I don’t know what made me beg for an Ello invite. Maybe it was the Fear of Missing Out? Maybe I was jealous that my friends had something that I didn’t. Maybe I had a fear of not being “cool” anymore since I never initially got a beta invite in the first place.

Either way, I begged a friend for an invitation like Gmail in 2004.

My initial excitement was met with disappointment. Ello is buggy and bland. Many of it’s promised features aren’t working yet. The front end design leaves a lot to be desired, and unlike Snapchat or Secret, the service is not doing much to re-invent the social space, just rehashing the tools that we use already. Even with all that’s not going for it, Ello is winning right now…because it’s not Facebook.

Ever since Facebook became the king of social media, analysts began to wonder if the site would ever have a mass-scale defection like MySpace in 2008. However, no matter how many times people threaten to leave Facebook — whether it’s because of changing privacy policies, or because their mom commented on on a post about their night out — the service continues to grow, and user engagement numbers continue to rise.

Other networks such as Instagram (now owned by Facebook), Tumblr or Twitter continue to chip away at engagement numbers, but none have the wherewithal to knock down the king.

Until now.

Ello’s positive reception stems from it’s genuinely worded manifesto, taking down the very core of ad-supported networks and their “betrayal” of users. Beginning with the sentence “Your social network is owned by advertisers,” and ending with the statement “You are not a product,” Ello’s everyman, 99% ethos resonates with everyone who now knows that social networks are more a data gathering tool than a place to post a photo of that amazing brunch. In addition, the timing cannot be any better, as Facebook is facing backlash because of it’s threats to out many in the LGBT community because of it’s real names policy.

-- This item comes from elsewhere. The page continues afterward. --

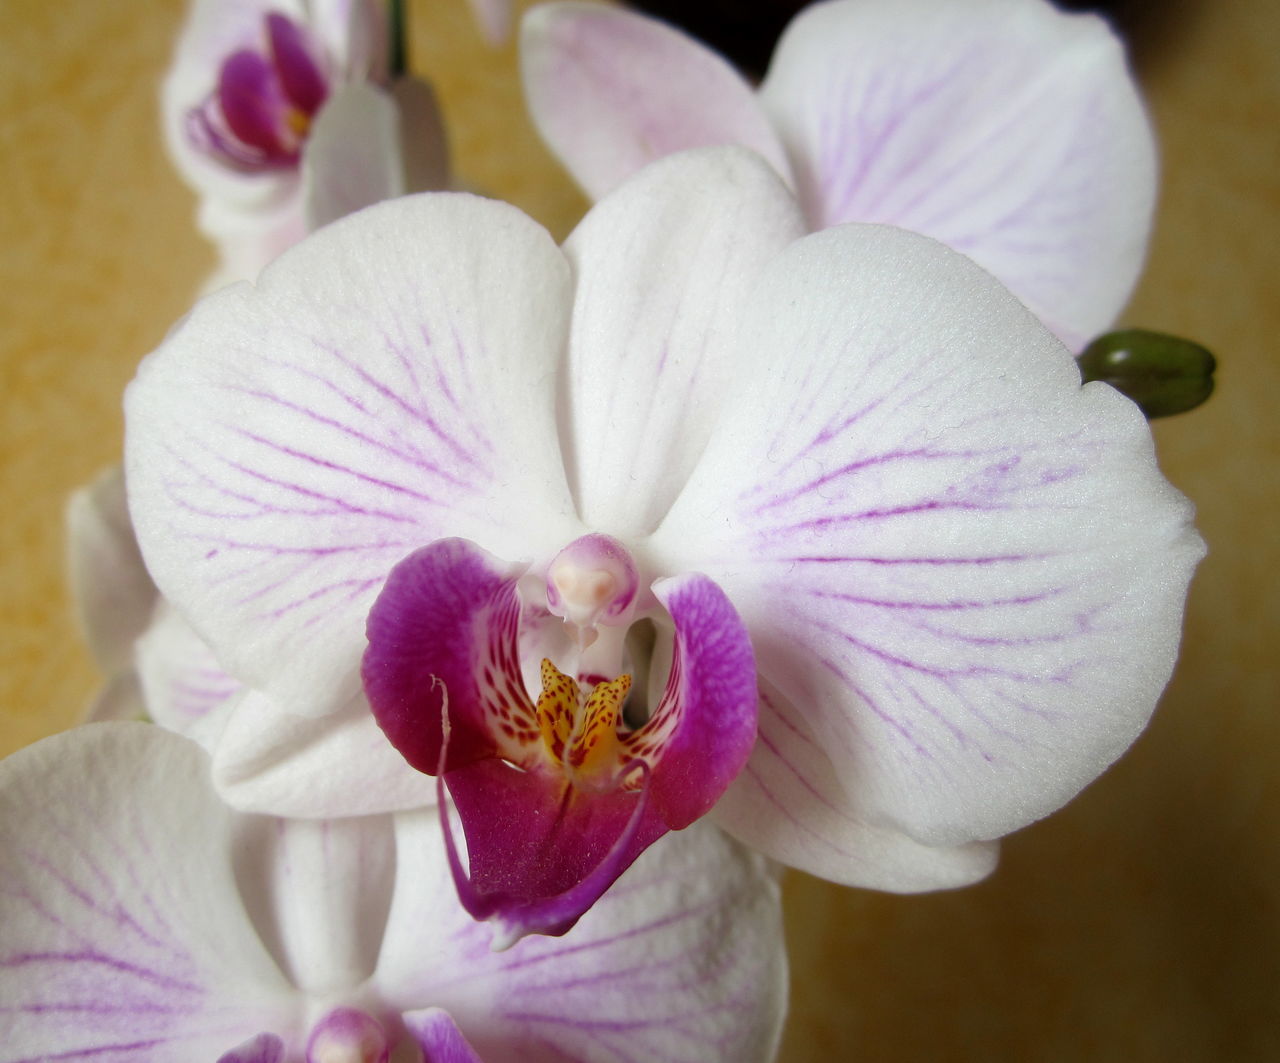 flower, flowering plant, freshness, plant, orchid, beauty in nature, petal, fragility, close-up, pink, flower head, inflorescence, human eye, christmas orchid, purple, macro photography, pollen, nature, growth, focus on foreground, stamen, blossom, white, outdoors, selective focus

And this is what has Facebook scared. Users happily continue to post content to the service because it became the default. The site has began to take it’s users for granted, treating their data like a commodity and failing to innovate, and at 10 years old it has already become the old man at the club, trying it’s hardest to compete with younger, sexier startups.

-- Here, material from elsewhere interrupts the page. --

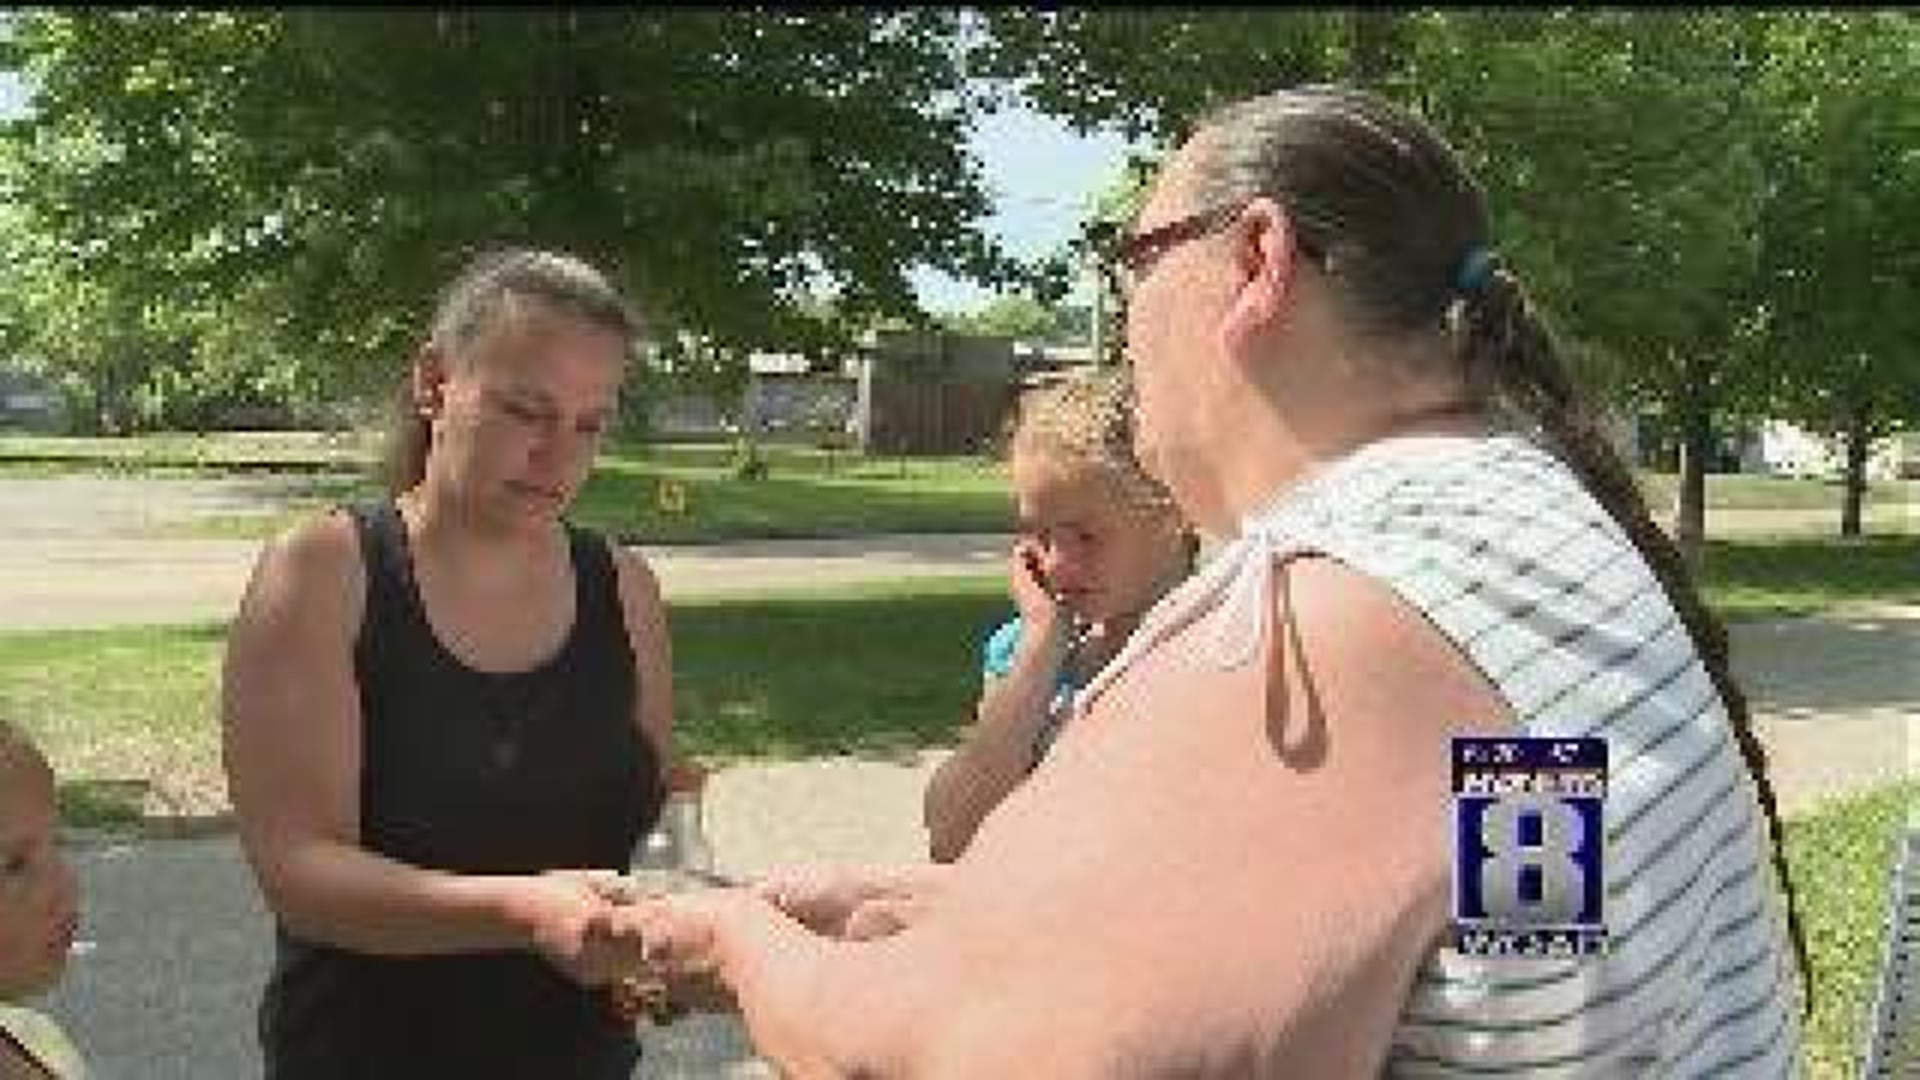 News 8 Helps Mom "Pay It Forward" to Daughter

Having that said, the road for Ello’s success is a long one. The site reportedly is gaining 30,000 users an hour, and possibly upwards of a million a day. Even if only a fraction of these users become active that still leaves a massive amount of text, photos, images and bandwidth to support on a daily basis. In addition, the company will need to add staff to deal with customer service issues, bullying complaints, and public relations. And that’s not cheap.

Even with it’s faults, a company like Ello has got to have the people in Menlo Park nervous. I predict Facebook will take several measures over the next few weeks to reassert their dominance by limiting data collected by advertisers or even walking back from it’s real names policy.

But is it too little too late? Only time will tell. Let me get the popcorn.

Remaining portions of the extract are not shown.